DATASET SECTION
◇ ◇ ◇ ◇

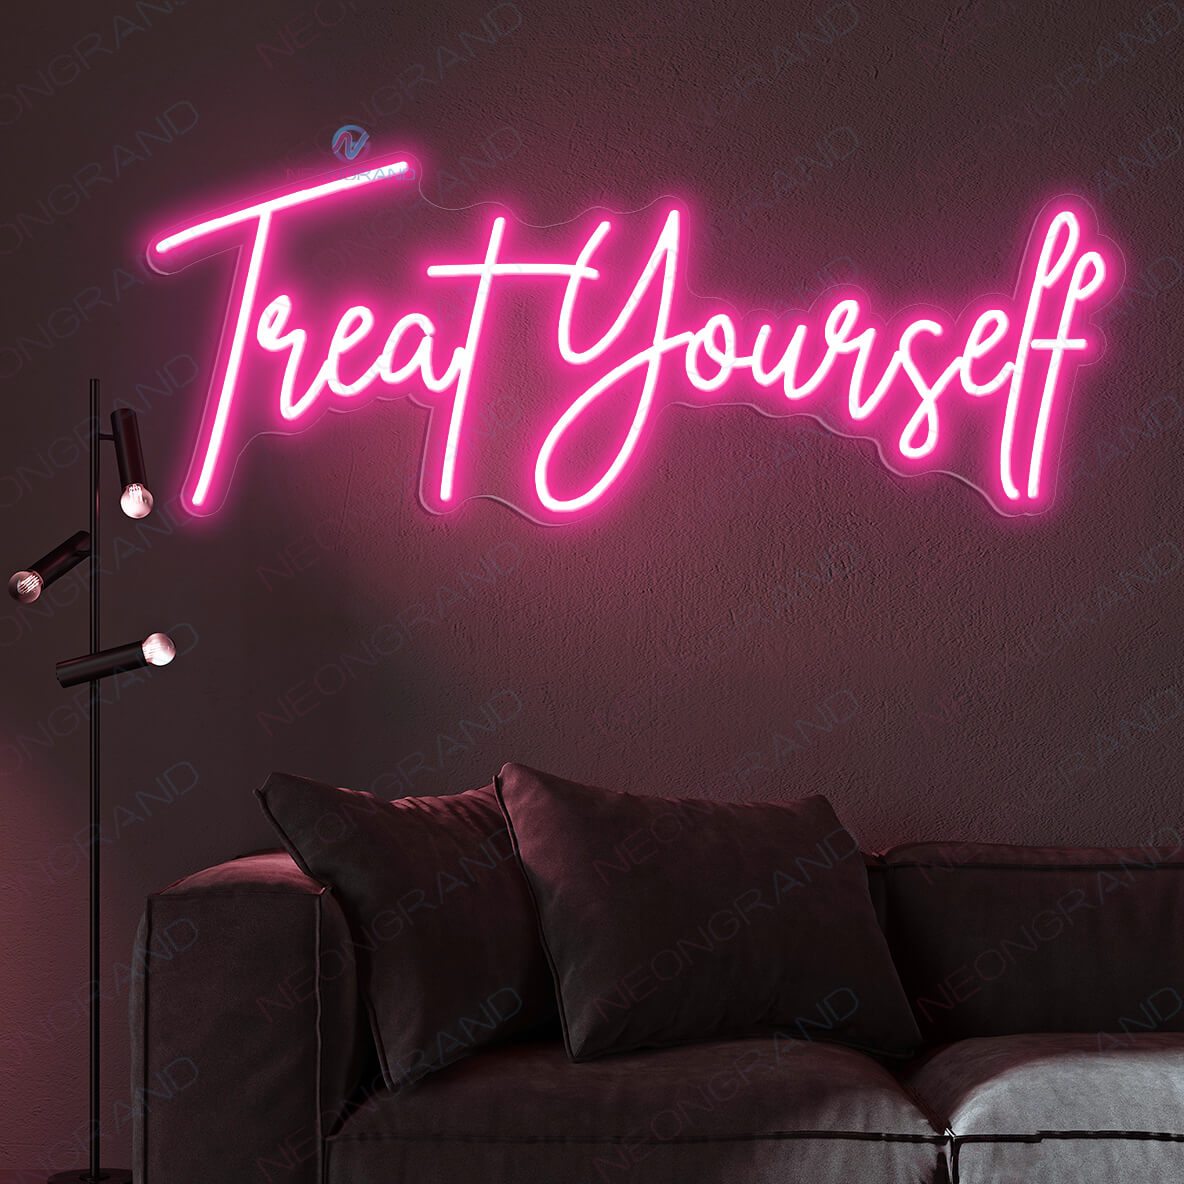 Treat Yourself Neon Sign Motivation Led Light pink
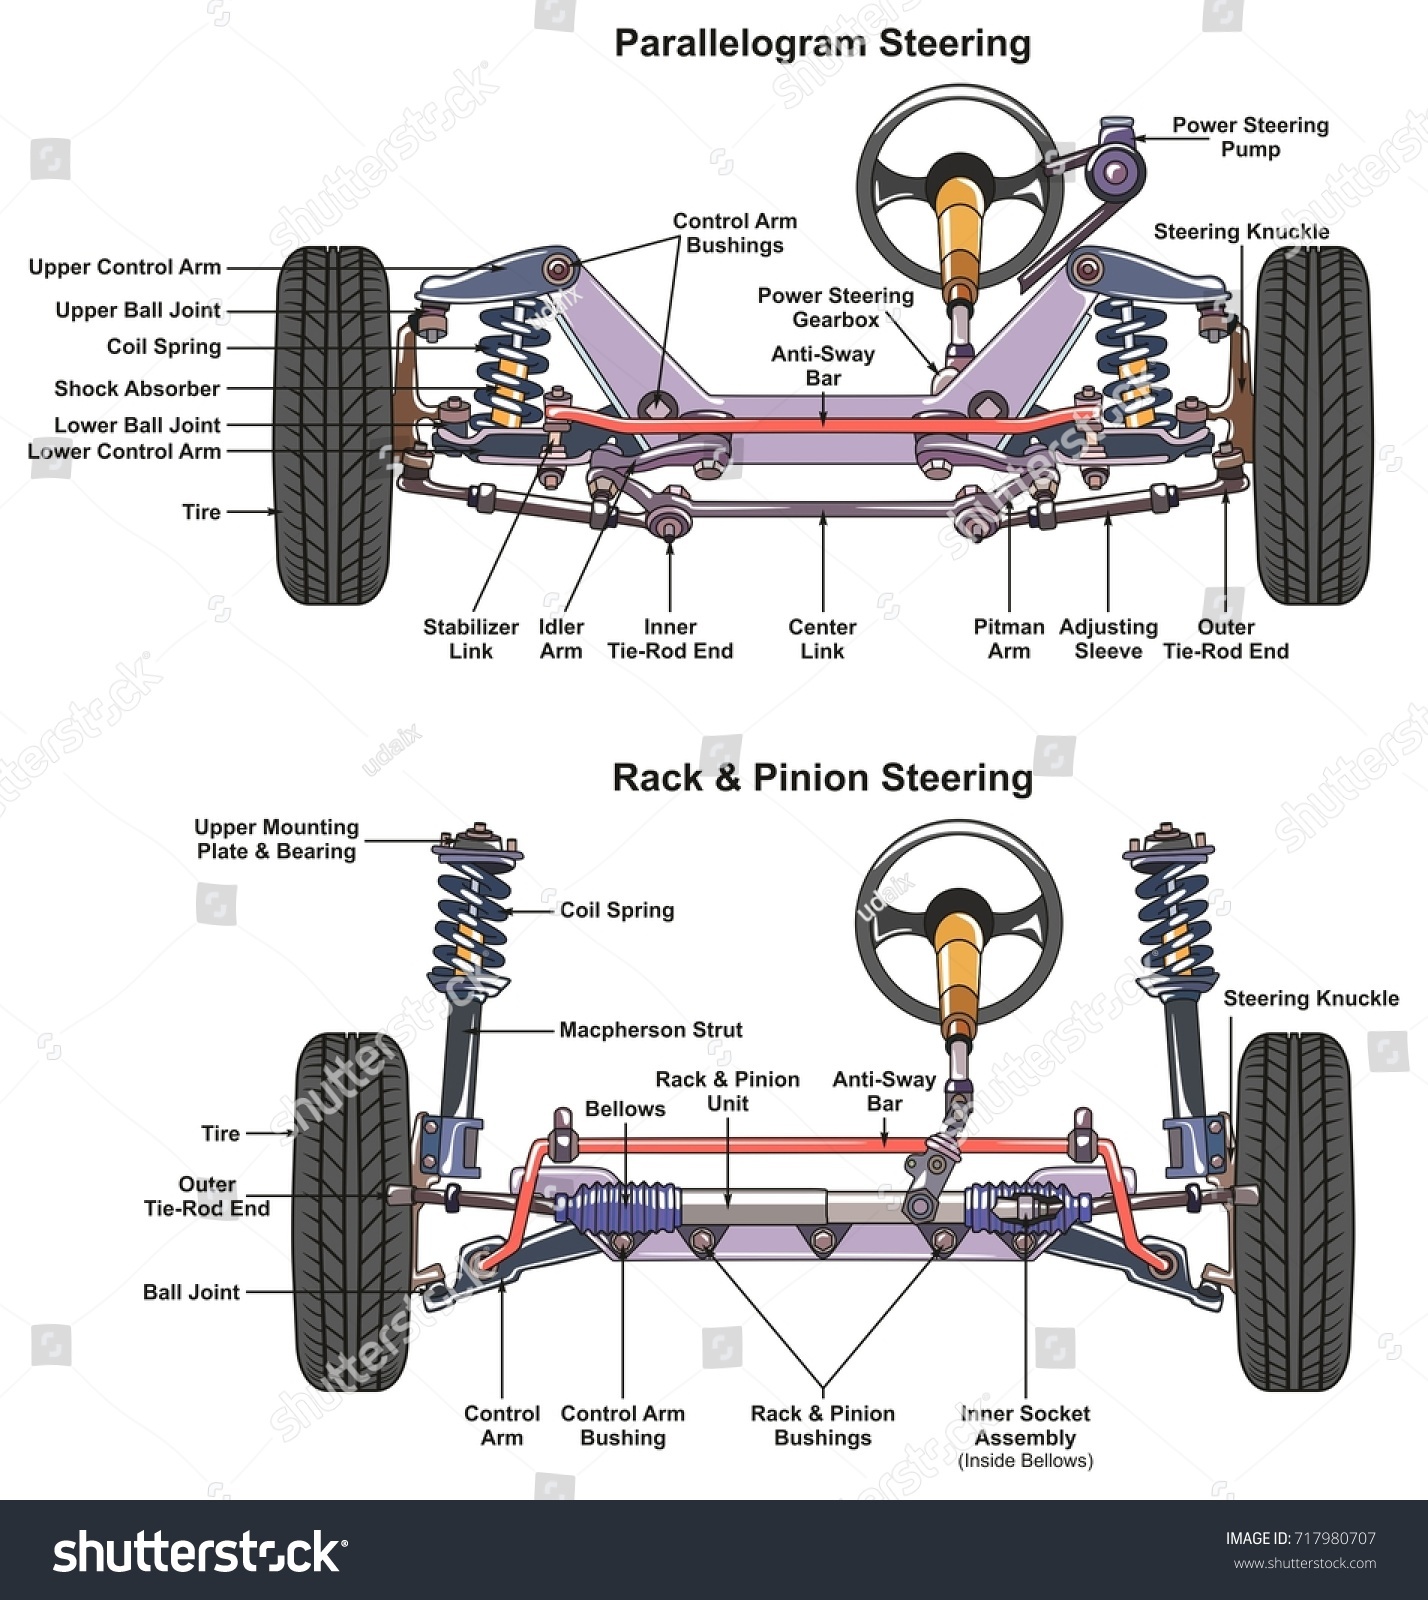 Automotive Steering System Infographic Diagram Showing
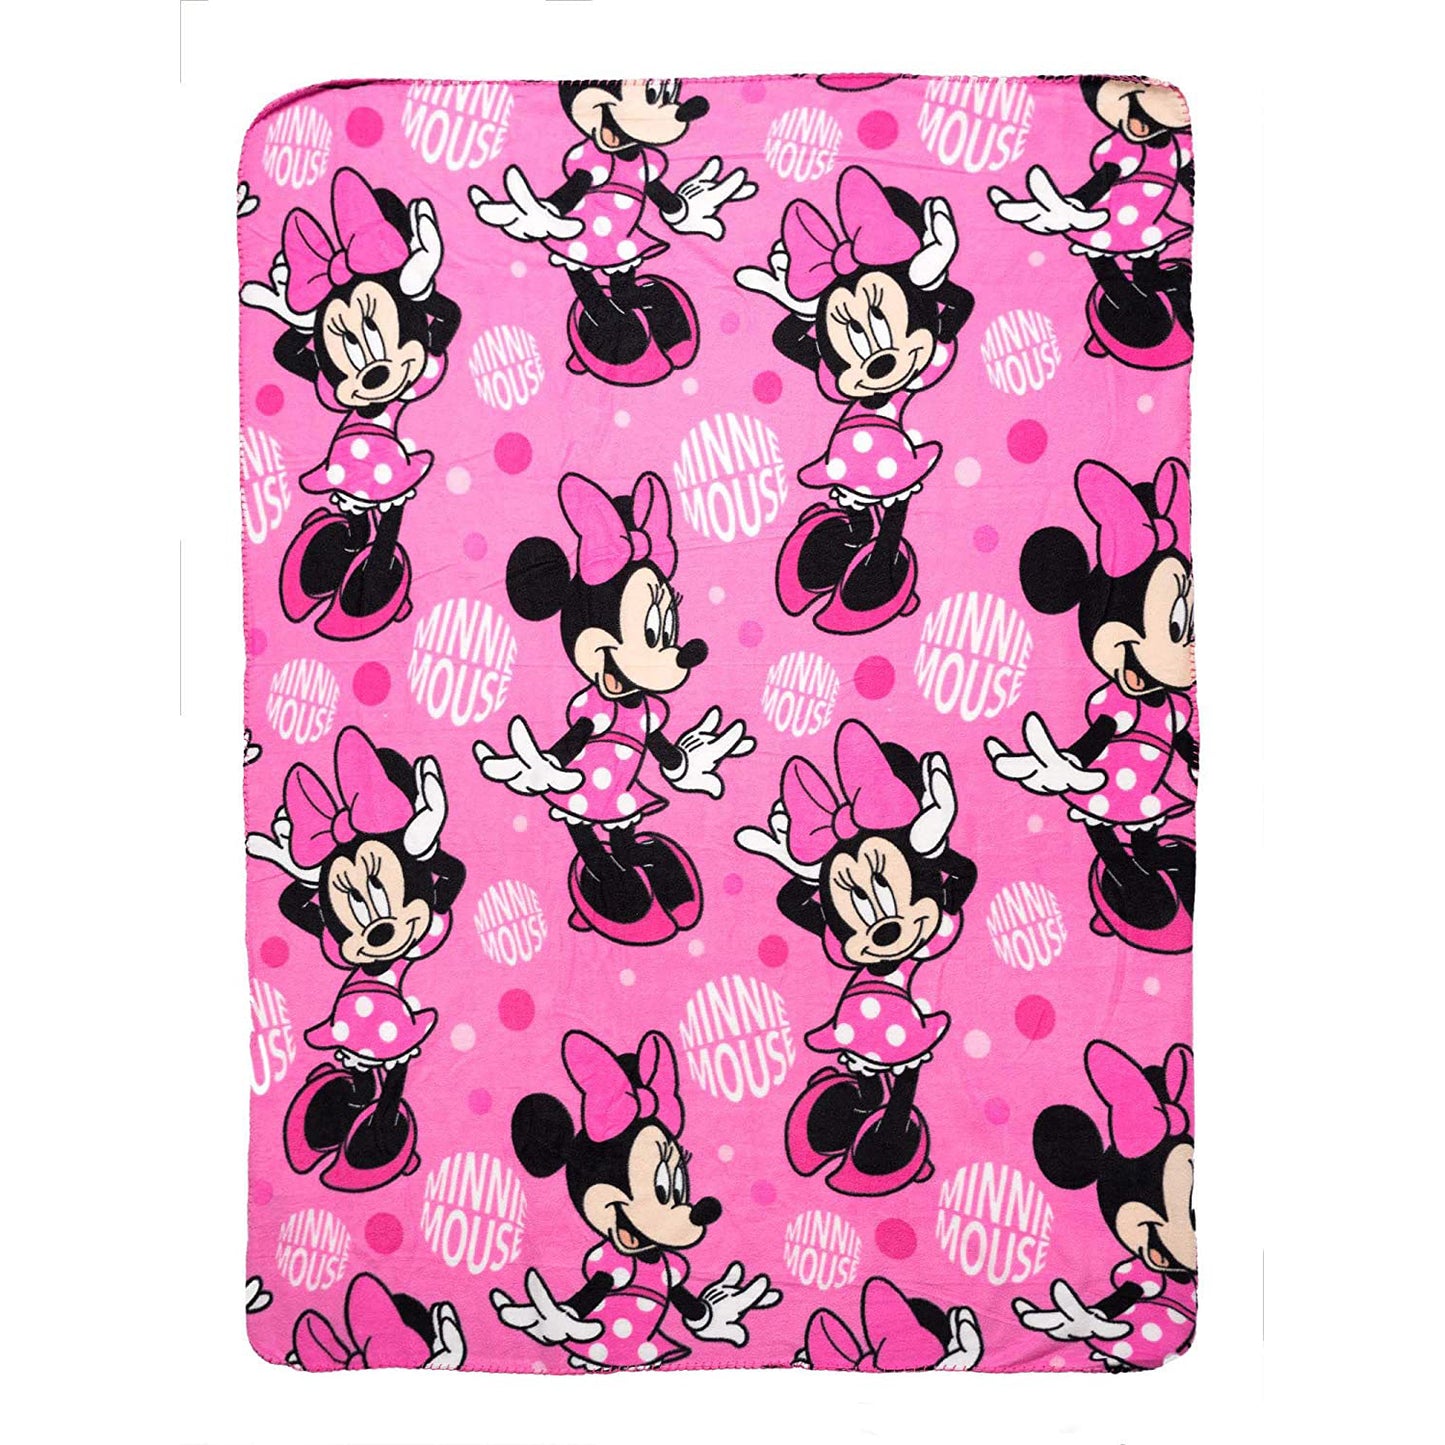 MINNIE MOUSE Kids' Fleece Throw Blanket (Pack of 3)

◇ ◇ ◇ ◇

EXERCISE AIM
Omit the pictures and output all of the other material exactly.

OUTPUT
 Treat Yourself Neon Sign Motivation Led Light pink
 Automotive Steering System Infographic Diagram Showing
 MINNIE MOUSE Kids' Fleece Throw Blanket (Pack of 3)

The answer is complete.